» **PROMPT**
Return the whole listing unchanged. Drop the images.
==== INFORMATION SUPPLIED
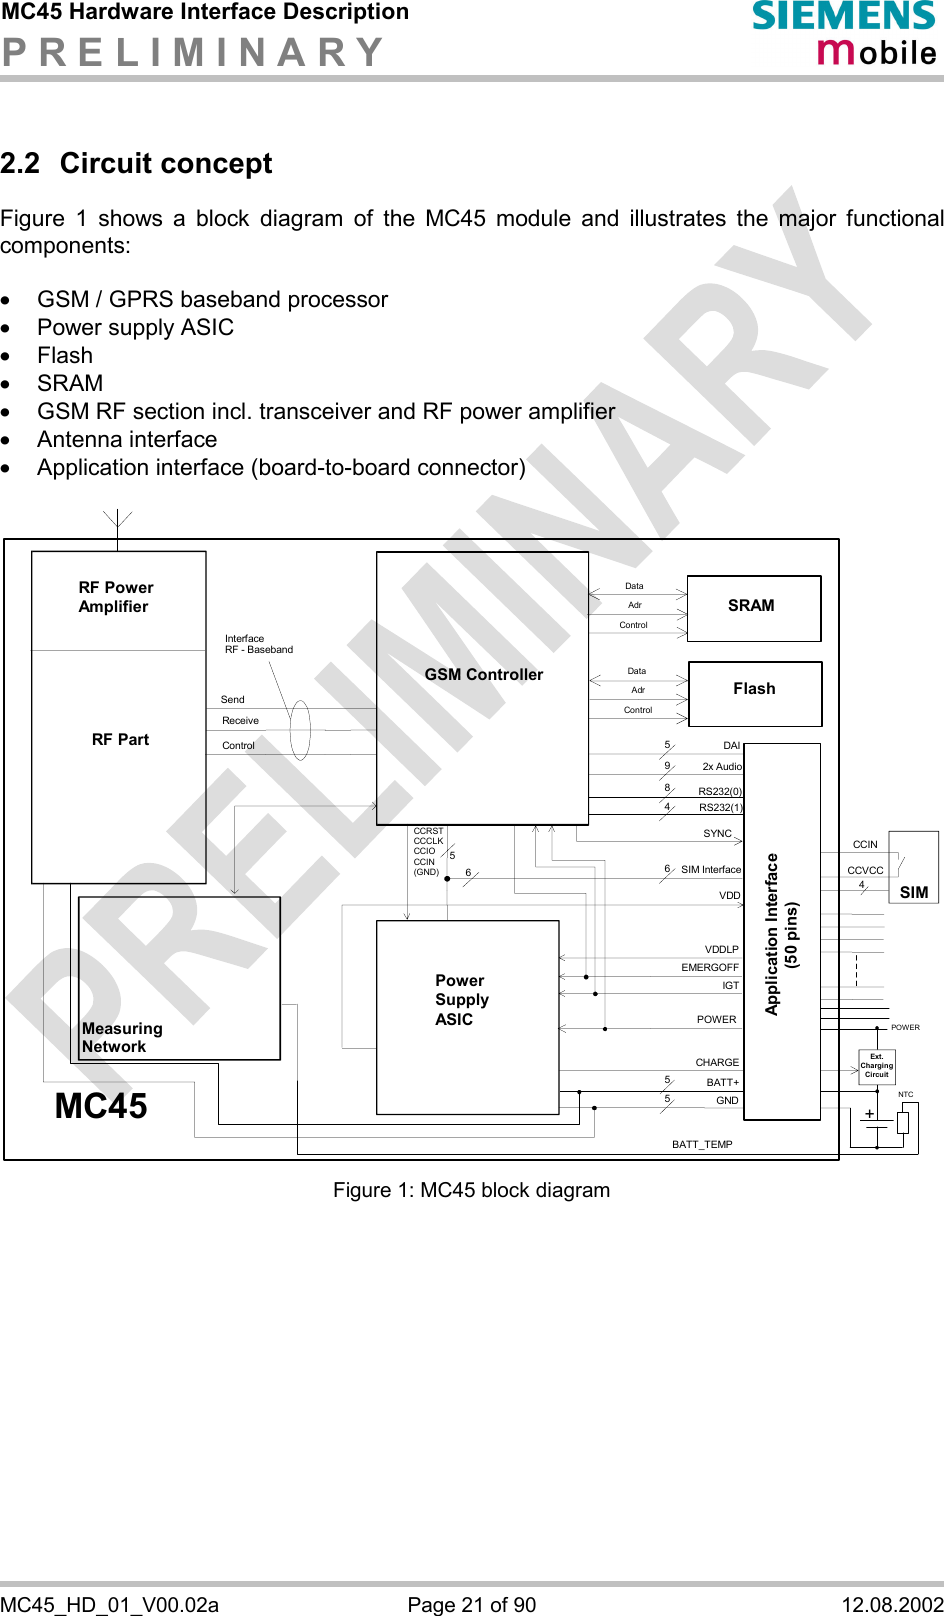 MC45 Hardware Interface Description P R E L I M I N A R Y      MC45_HD_01_V00.02a  Page 21 of 90  12.08.2002 2.2 Circuit concept Figure 1 shows a block diagram of the MC45 module and illustrates the major functional components:  ·  GSM / GPRS baseband processor ·  Power supply ASIC ·  Flash ·  SRAM ·  GSM RF section incl. transceiver and RF power amplifier ·  Antenna interface ·  Application interface (board-to-board connector)  GSM ControllerPowerSupplyASICSIMBATT+GNDIGTEMERGOFFRS232(1)RS232(0)52x AudioSIM InterfaceCCRSTCCCLKCCIOCCIN(GND)DataAdrControlReceiveSendControlMC45InterfaceRF - Baseband55MeasuringNetwork4CCINCCVCCPOWERBATT_TEMPVDDLPSYNCVDDRF PartRF PowerAmplifierDataAdrControlSRAMFlashCHARGE689DAI546POWER+Ext.ChargingCircuitNTCApplication Interface(50 pins) Figure 1: MC45 block diagram   
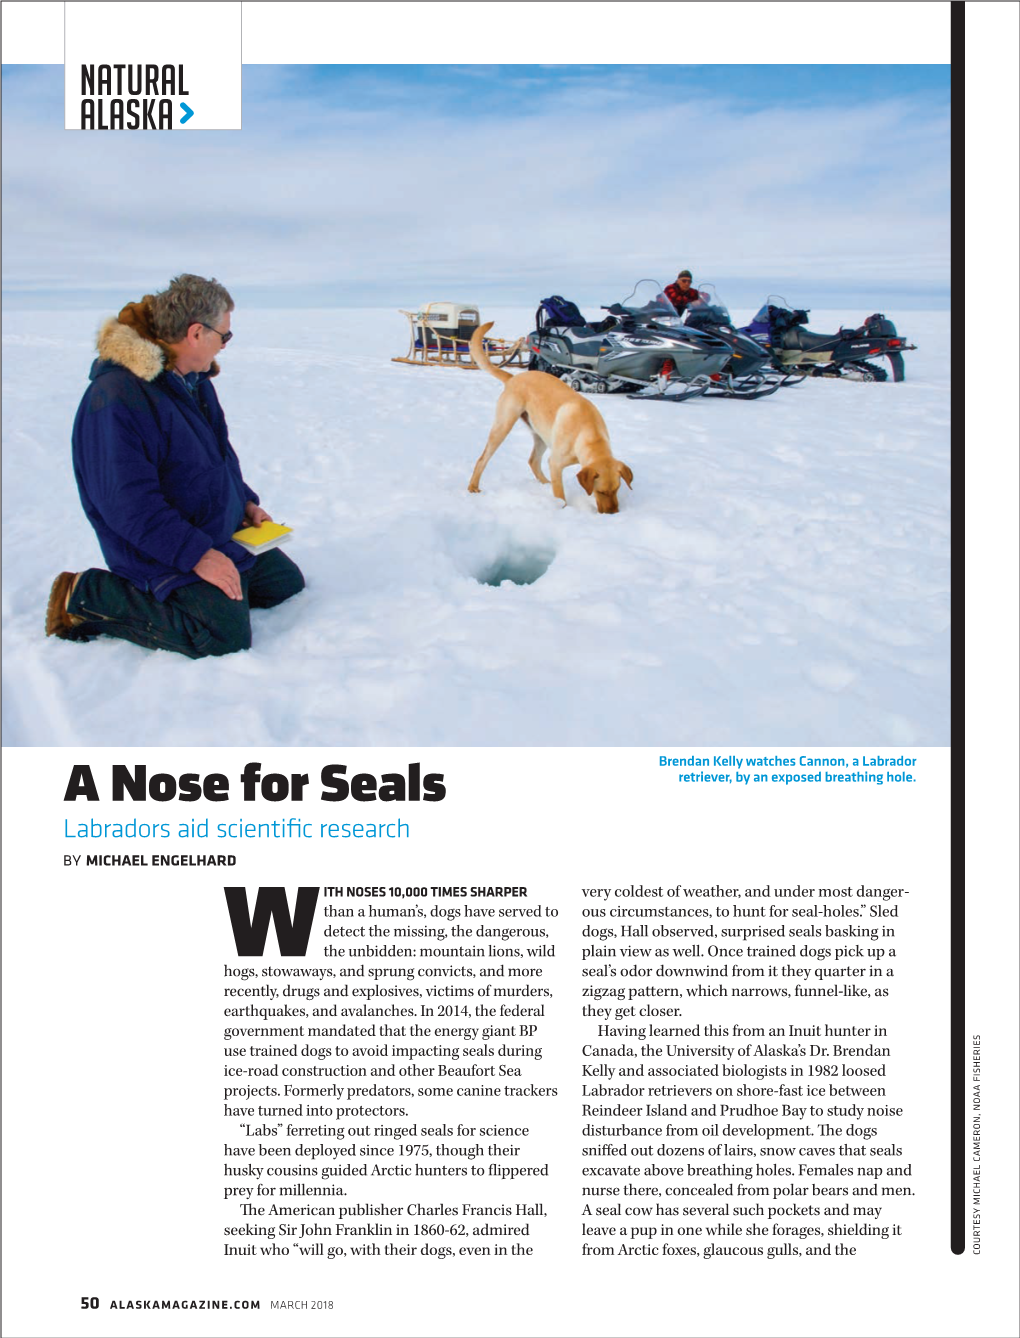 A Nose for Seals in Alaska, 2018
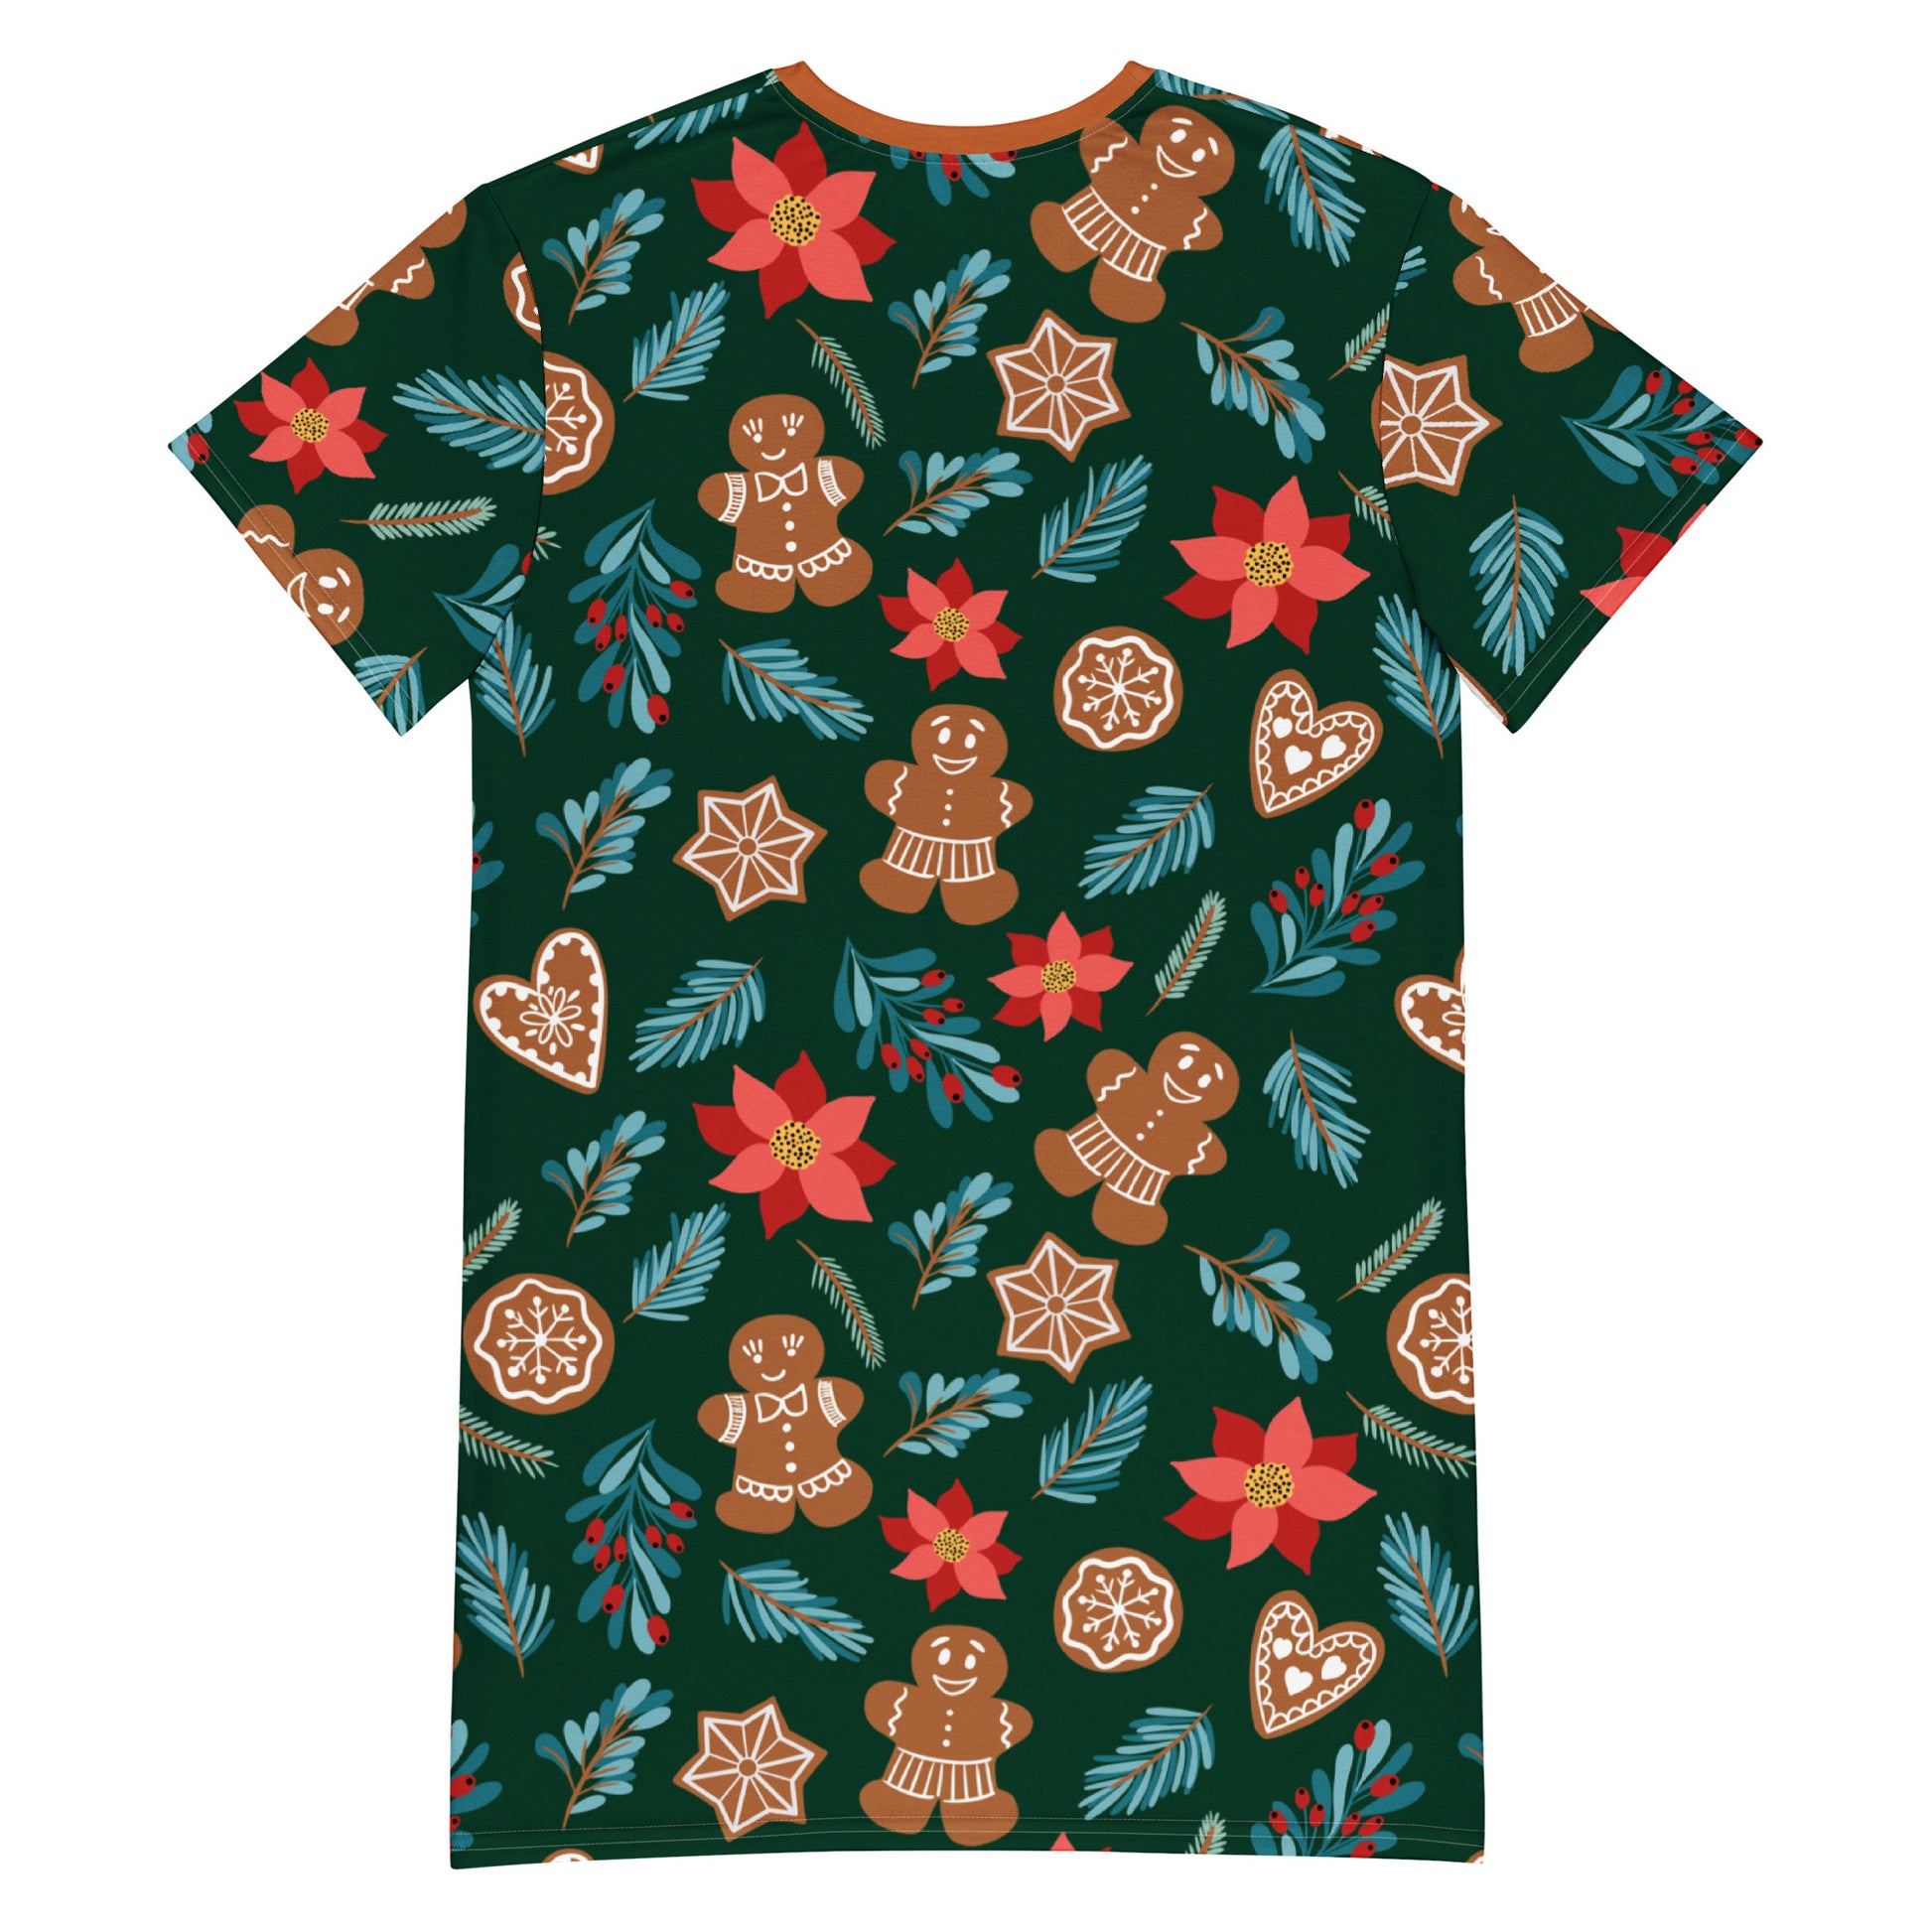 T-shirt dress - Fantasiapiparit / Gingerbread Fantasy - Dresses- Print N Stuff - [designed in Turku Finland]
========
» **TASK SOLUTION**
 MC45 Hardware Interface Description P R E L I M I N A R Y      MC45_HD_01_V00.02a  Page 21 of 90  12.08.2002 2.2 Circuit concept Figure 1 shows a block diagram of the MC45 module and illustrates the major functional components:  ·  GSM / GPRS baseband processor ·  Power supply ASIC ·  Flash ·  SRAM ·  GSM RF section incl. transceiver and RF power amplifier ·  Antenna interface ·  Application interface (board-to-board connector)  GSM ControllerPowerSupplyASICSIMBATT+GNDIGTEMERGOFFRS232(1)RS232(0)52x AudioSIM InterfaceCCRSTCCCLKCCIOCCIN(GND)DataAdrControlReceiveSendControlMC45InterfaceRF - Baseband55MeasuringNetwork4CCINCCVCCPOWERBATT_TEMPVDDLPSYNCVDDRF PartRF PowerAmplifierDataAdrControlSRAMFlashCHARGE689DAI546POWER+Ext.ChargingCircuitNTCApplication Interface(50 pins) Figure 1: MC45 block diagram   
 A Nose for Seals in Alaska, 2018
 T-shirt dress - Fantasiapiparit / Gingerbread Fantasy - Dresses- Print N Stuff - [designed in Turku Finland]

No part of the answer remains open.